Intravenous literature: Ye, X., Rupnow, M., Bastide, P., Lafuma, L., Ovington, L. and Jarvis, W.R. (2011) Economic impact of use of chlorhexidine-impregnated sponge dressing for prevention of central line-associated infections in the United States. American Journal of Infection Control. 39(8), p.647-654.
Background – The economic impact of adding chlorhexidine gluconate (CHG)-impregnated sponge dressing to standard care (ie, chg-impregnated sponge dressing + skin preparation and transparent film dressing vs skin preparation and transparent film dressing) for the prevention of central-line infections was evaluated.
Methods – Clinical and economic data were obtained from peer-reviewed published studies to populate the decision model. The efficacy of reducing catheter-related bloodstream infection (CR-BSI) incidence with CHG-impregnated sponge dressing came from 2 recent randomized controlled trials.
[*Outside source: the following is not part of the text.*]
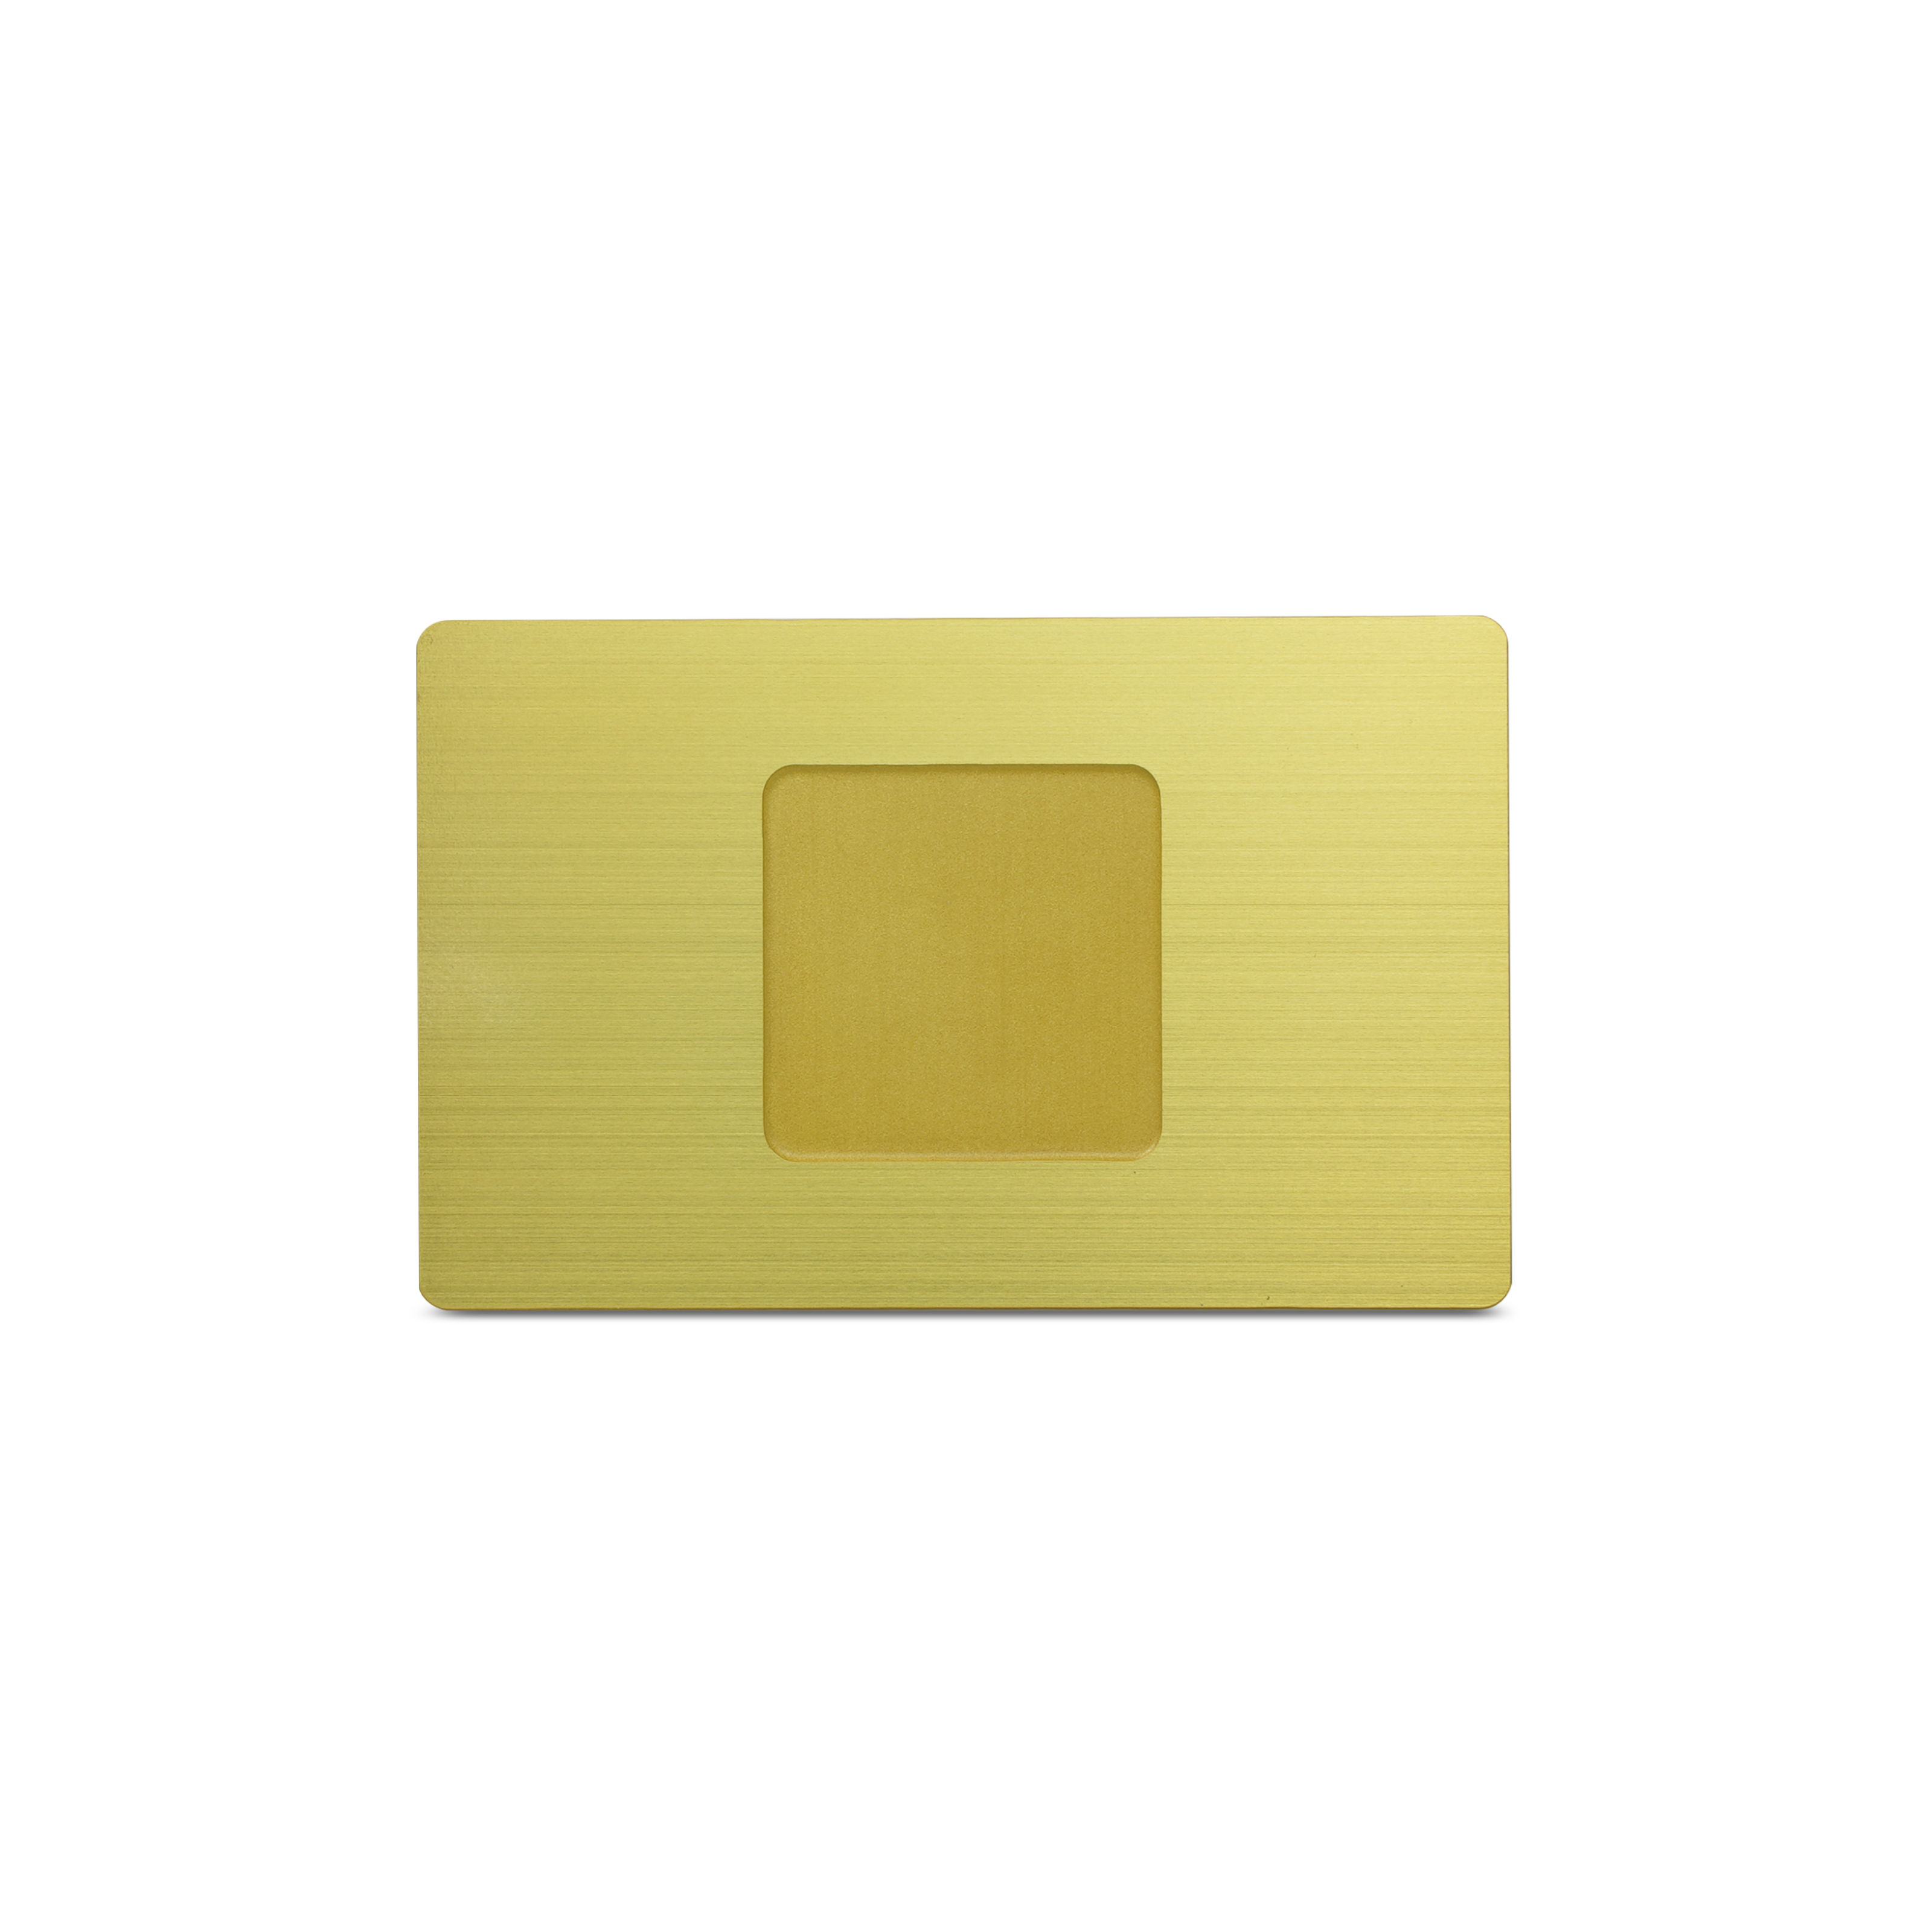 NFC-vCard - Digital business card - incl. NFC-vCard access - metal - 85.6 x 54 mm - gold with engraving

One-way and two-way sensitivity analyses were performed on key clinical and economic parameters.
Results – Based on model calculations, a hypothetical 400-bed hospital inserting 3,078 central venous catheters (CVCs) per year is expected to avoid an average of 35 CR-BSIs, 145 local infections, and 281 intensive care unit days annually with the systematic use of CHG-impregnated sponge dressing. Potential hospital net cost savings (mainly because of reduced CR-BSIs with use of the dressing) would be $895,000 annually. Results were robust across a range of values in sensitivity analyses.
Conclusion – CHG-impregnated sponge dressing is a cost-effective CR-BSI prevention treatment option for patients requiring CVCs. The importance of these results should be considered in the context of federal government and insurance company policies that no longer permit enhanced reimbursement for CR-BSI.